[[ Data shown, beginning ]]

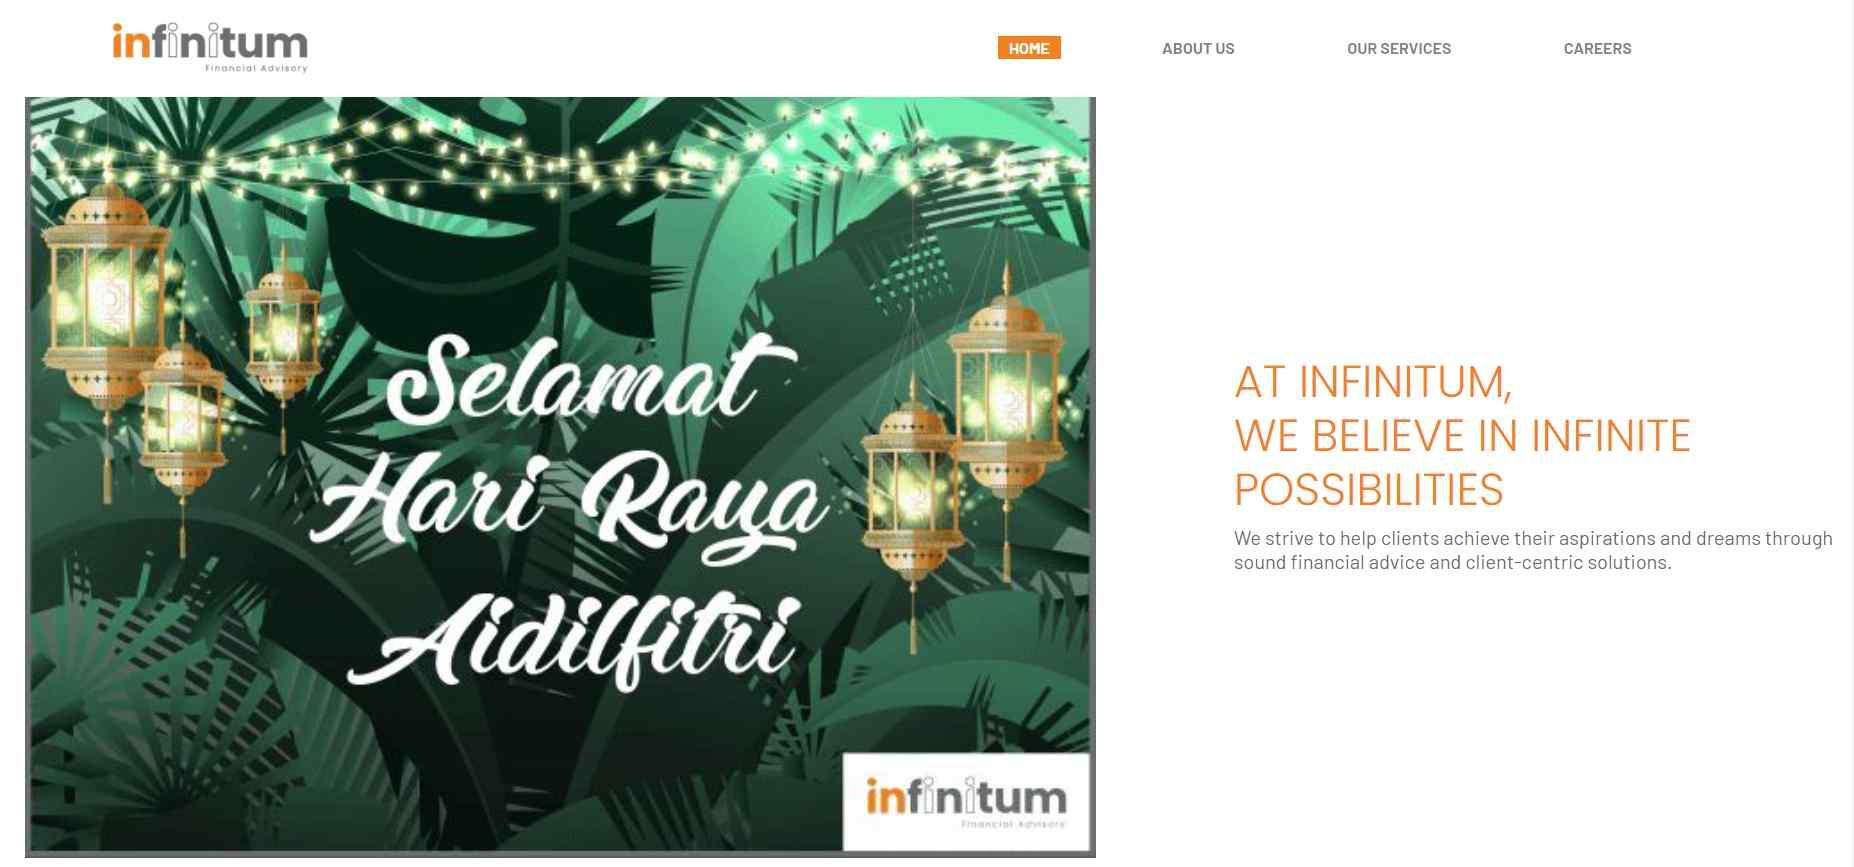 infinitum Top Financial Advisors in Singapore
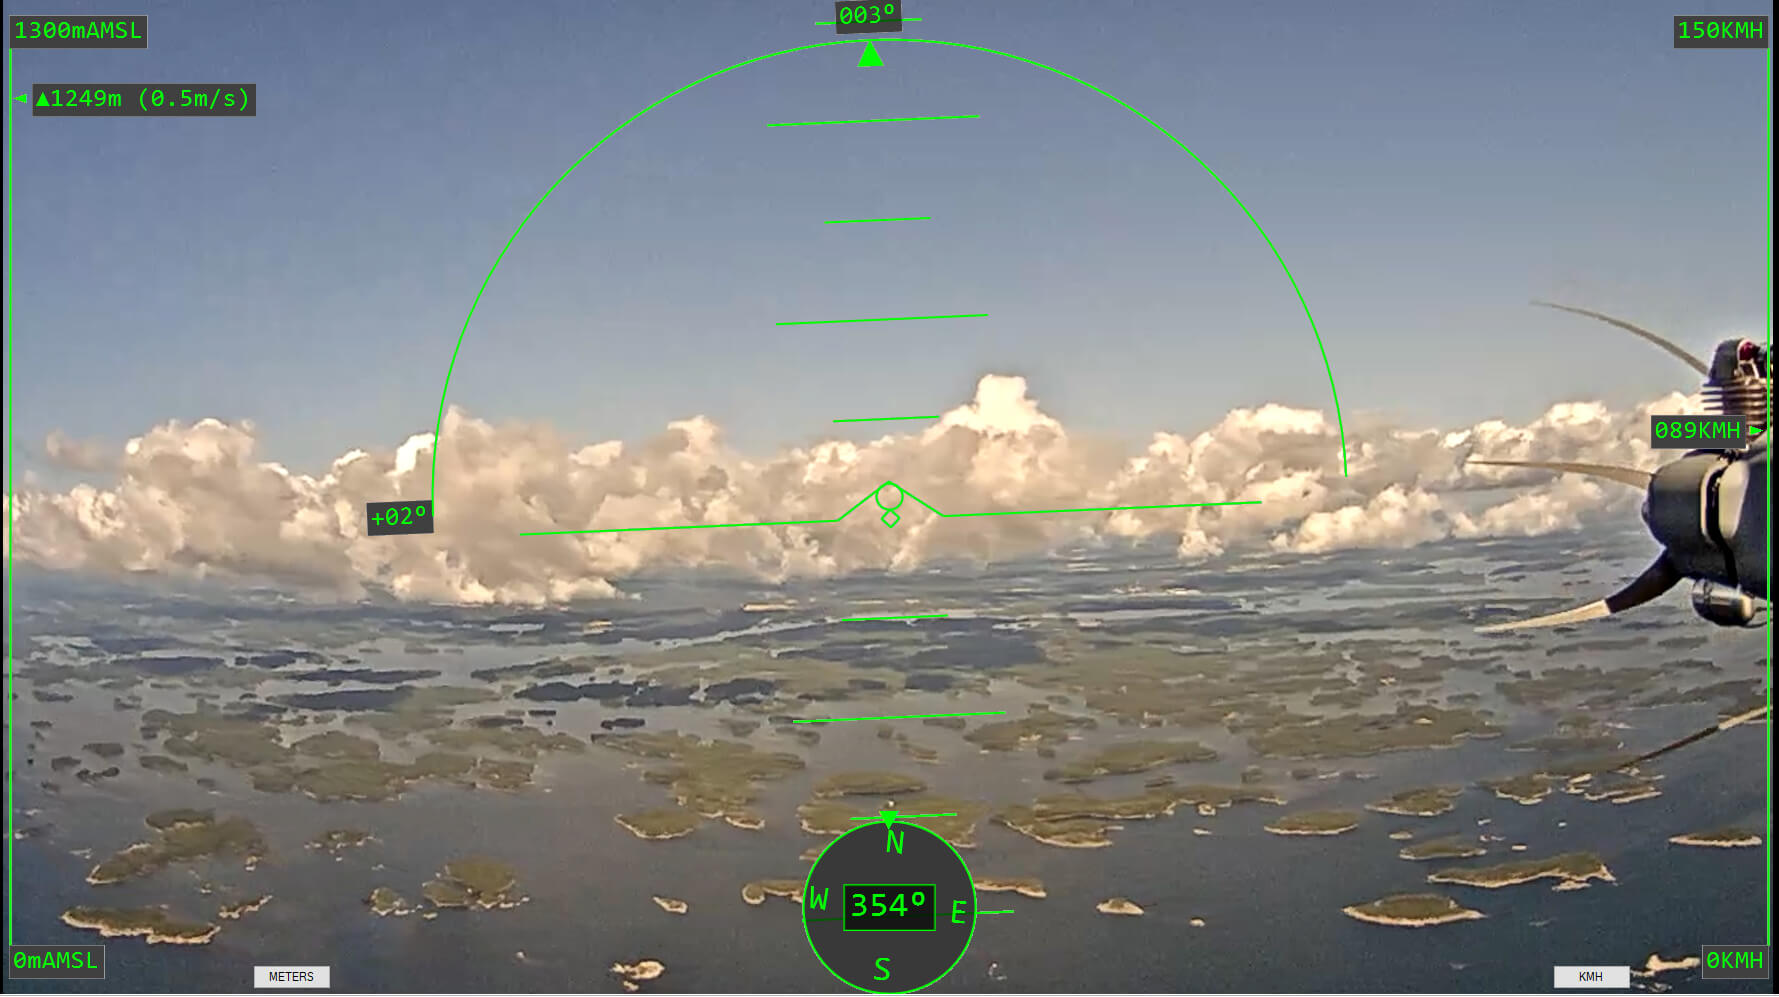 Stream UAV - operator view first drone flight from Estonia to Finland
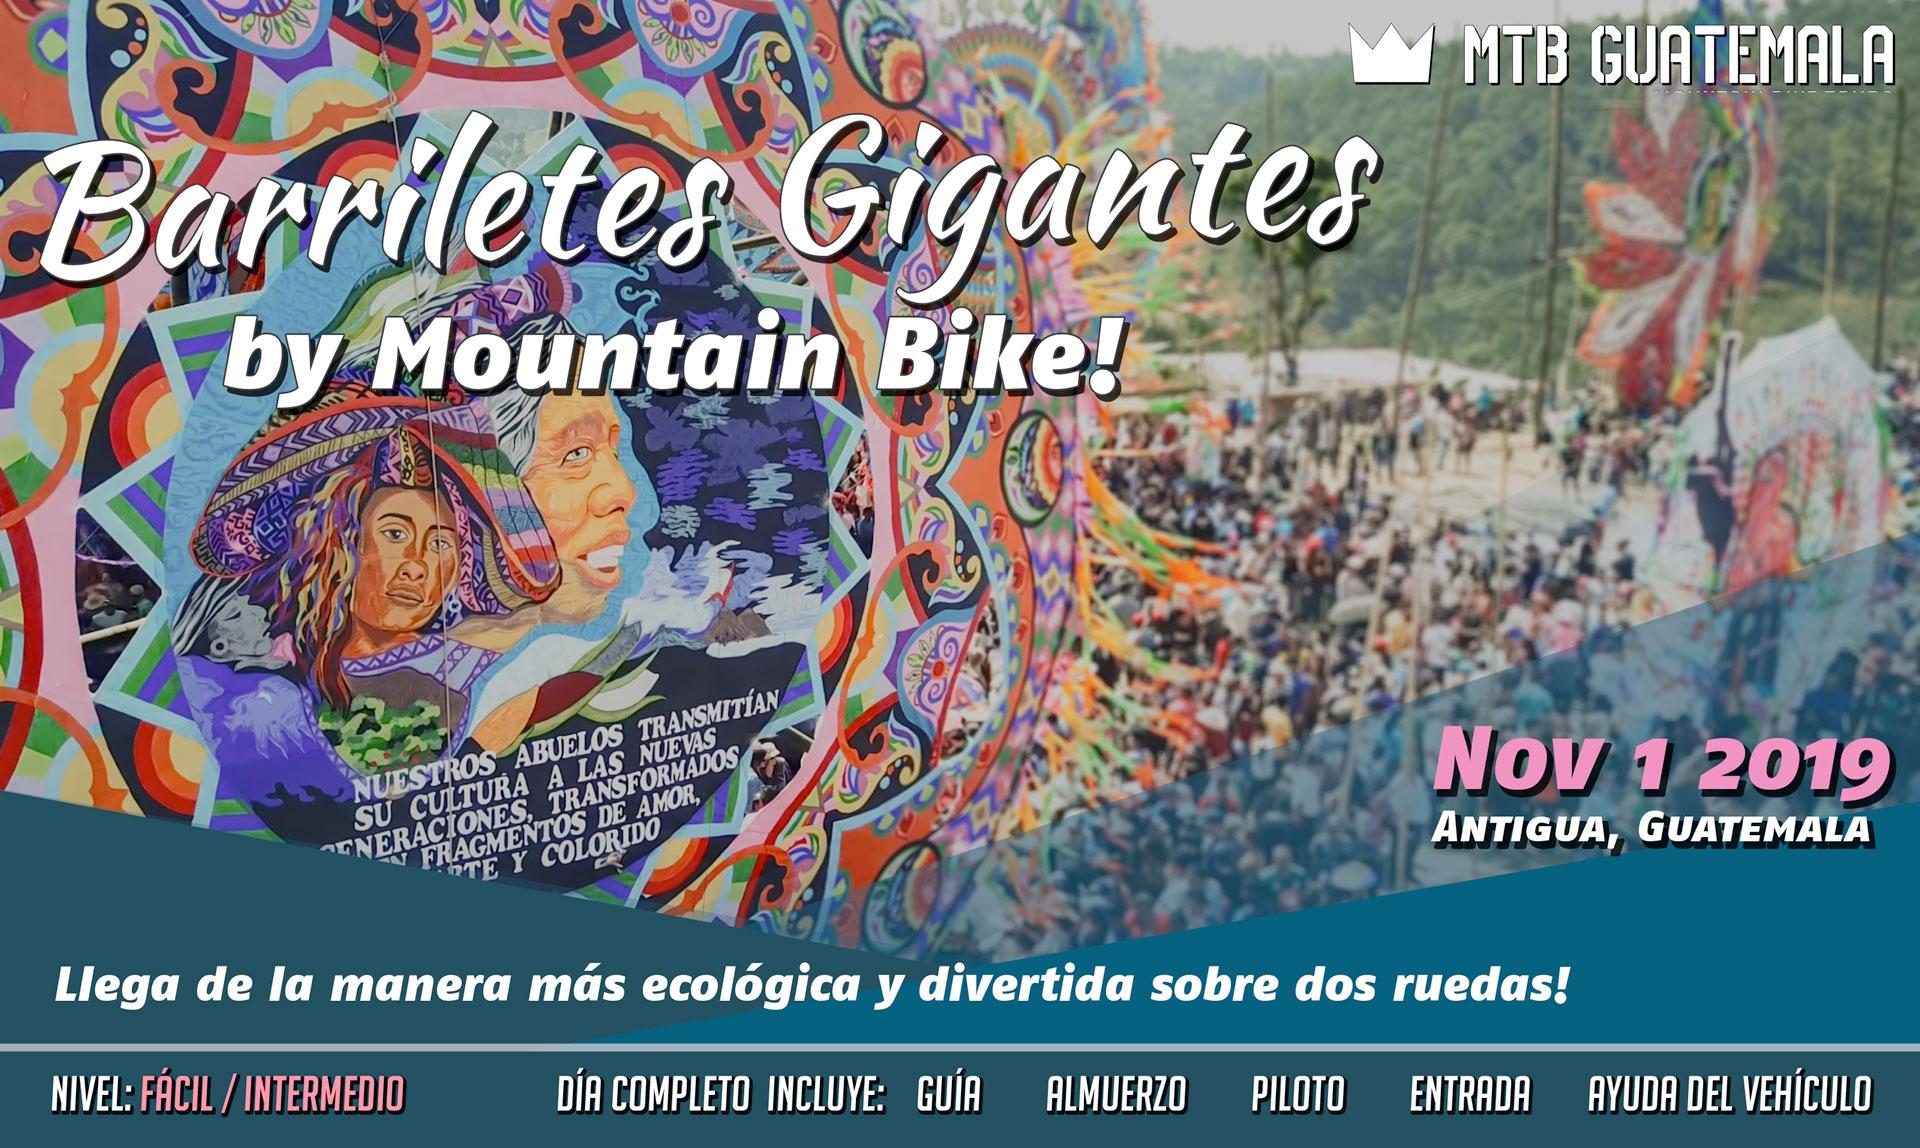 MTB Guatemala - Festival de Barriletes Gigantes

[[ Data shown, end ]]

Everything in the material except the pictures should be output verbatim.

• **Task output**
 infinitum Top Financial Advisors in Singapore
 Stream UAV - operator view first drone flight from Estonia to Finland
 MTB Guatemala - Festival de Barriletes Gigantes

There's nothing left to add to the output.